It's always good to be caught up on state politics. Here's an easy guide to what happened this week.

Editor's Note: This article was created by aggregating news articles from Illinois Statehouse News that were written by various Illinois Statehouse News reporters.

Walker Talks Unions, Budgets in Illinois Visit Ahead of Recall

SPRINGFIELD — Wisconsin Gov. Scott Walker on Tuesday visited a state he has used as a political punching bag to campaign ahead of a historic recall election in the Badger State.

Walker spoke to a crowd of about 300 lobbyists, lawmakers and members of the business community at thePresident Abraham Lincoln Hotel and Conference Center.Walker’s speech was part of the Illinois Chamber of Commerce and National Federation of Independent Business lobby day here.

Walker’s visit comes less than two months before the embattled governor faces a recall election, spurred mostly by Act 10, a law passed during his administration that largely removes the ability of unions to use collective bargaining.

Walker said payment for his visit came from his political war chest.

Walker used the half-hour speech to highlight his fight against “a handful of big union bosses” and budgeting that allowed Wisconsin to dig itself out of a $3.6 billion deficit without increasing taxes.

Walker blamed the recall on “a handful of big union bosses (who) … think that I’m standing in the way of their power and their money.”

The Republican governor criticized Illinois’ Democratic Gov. Pat Quinn and the General Assembly for passing a 67 percent income tax increase on individuals, and a 47 percent income tax increase on corporations in 2011.

The temporary tax increases eliminated the state’s structural deficit, but they failed to address the state’s $8.5 billion backlog of overdue bills.

“There’s always been this false choice, between either raising taxes or cutting core services,” Walker said. “Who amongst you in business would say, ‘You know what, times are tough so I’m going to double the price of my product?’”

Quinn’s office had no official response to Walker’s visit, although the Illinois governor addressed the issue in a news conference Friday.

“I don’t know what he’s doing coming to Illinois.
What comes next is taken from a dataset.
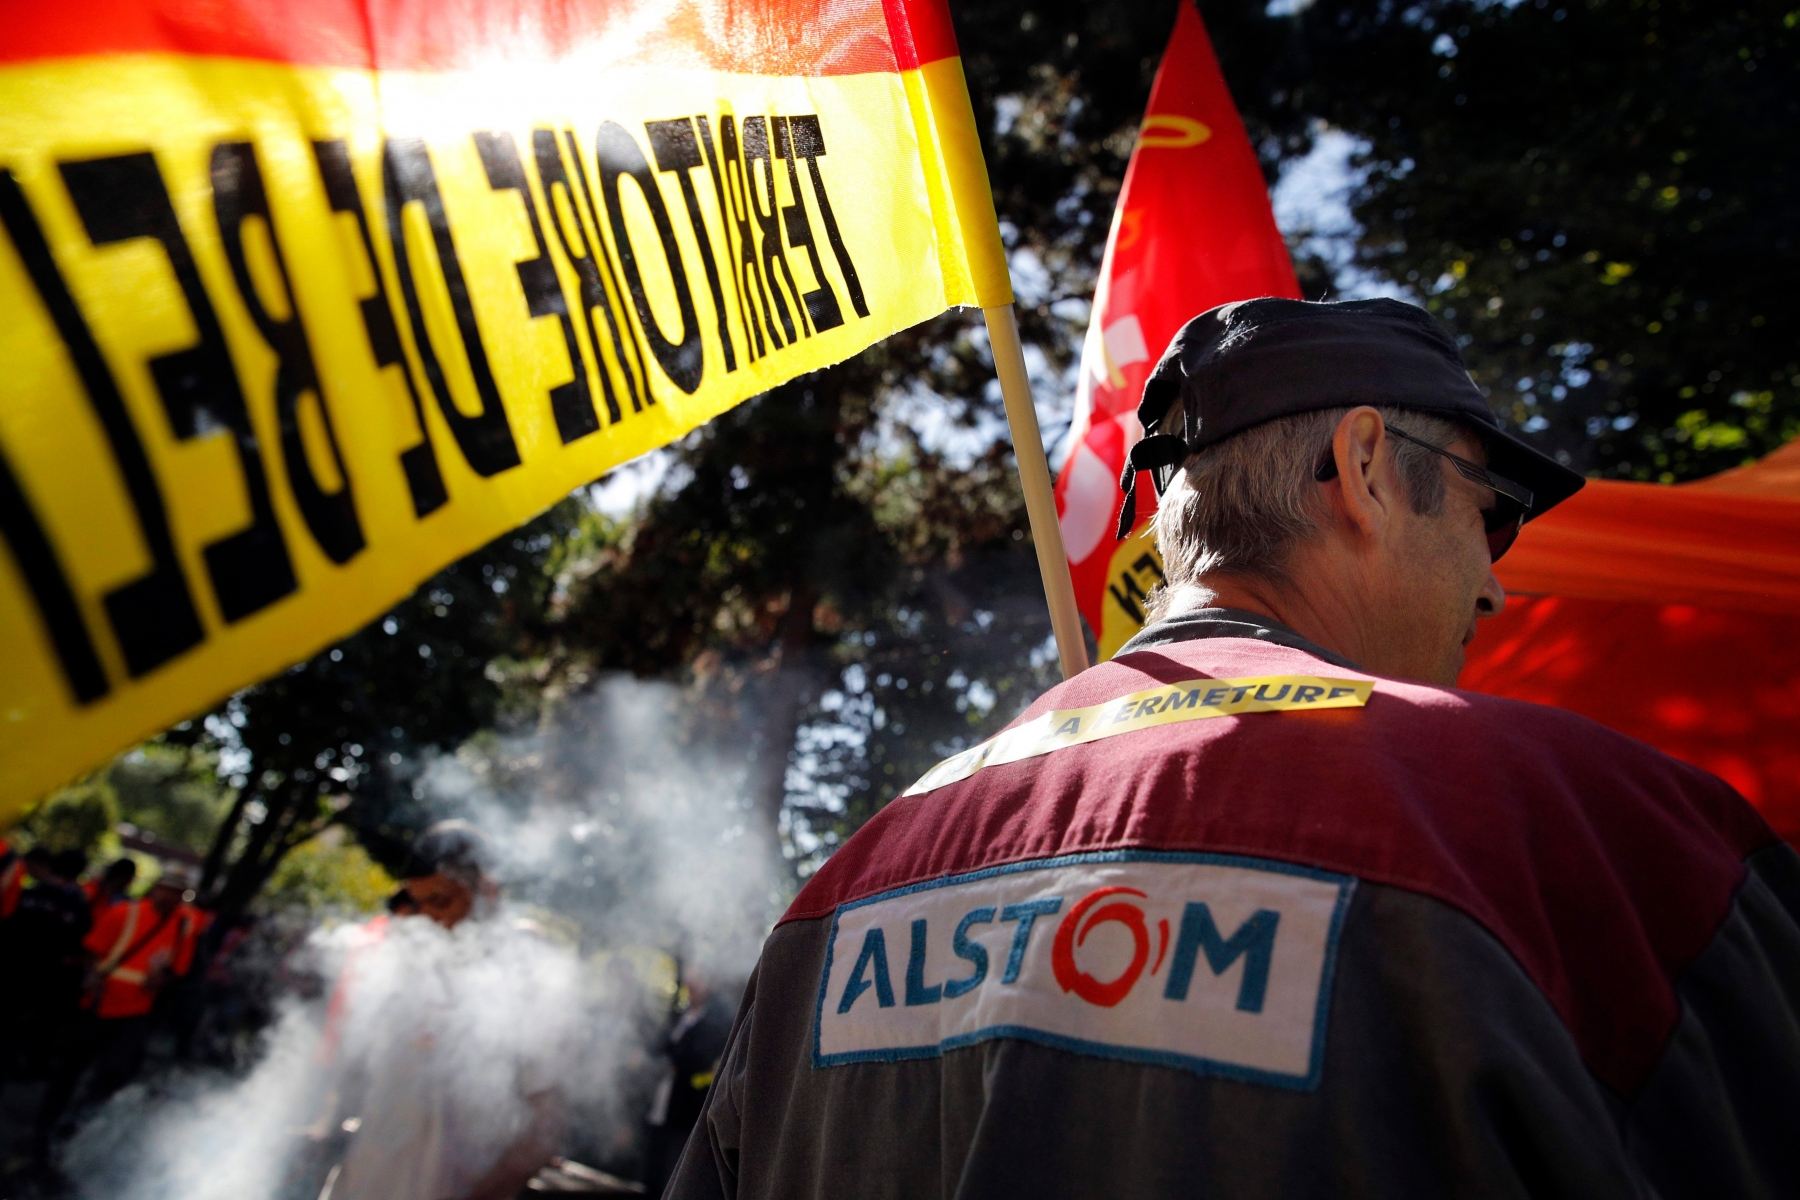 Alstom employers stage a protest in front of its headquarters in St Ouen, north of Paris, asking not to close a plant in Belfort, eastern France, which employs 400 people, Tuesday, Sept. 27, 2016. Alstom's situation is considered by many French politicians as symbolic of France's difficulty of keeping a strong industry at home. (AP Photo/Christophe Ena) France Alstom

He has enough challenges in his own state. I don’t plan to go to Wisconsin anytime soon,” Quinn said.

Quinn used the opportunity Tuesday to raise money. His campaign sent an email asking for donations shortly after Walker visited.
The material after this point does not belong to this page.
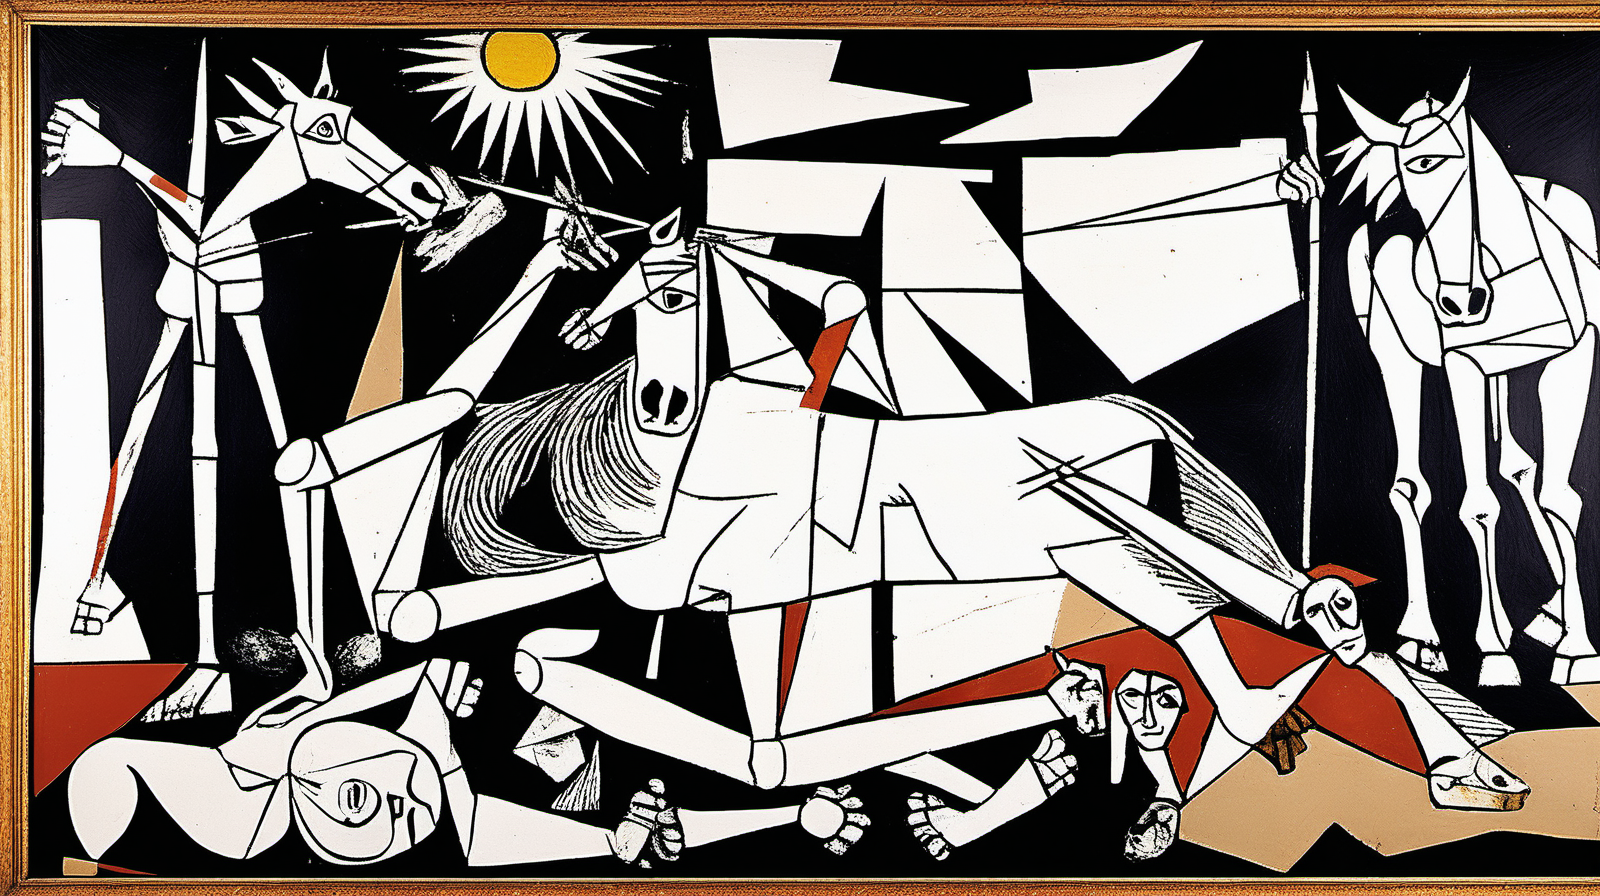 Picasso war painting scene from Guernica Spain cubist

“If you want a governor with a proven record of job creation, rather than just rhetoric, show your support for Governor Pat Quinn,” the email said.

Quinn and Walker have traded jabs since about the time Walker took office.

John McAdams a political science professor from Marquette University in Milwaukee, said Walker’s trip to Illinois offered a way to garner media coverage ahead of the June 5 recall election.

“Everything Scott Walker does is part of his re-election campaign, just like, let’s be honest about this, everything (President) Barack Obama does is part of his re-election campaign,” McAdams said.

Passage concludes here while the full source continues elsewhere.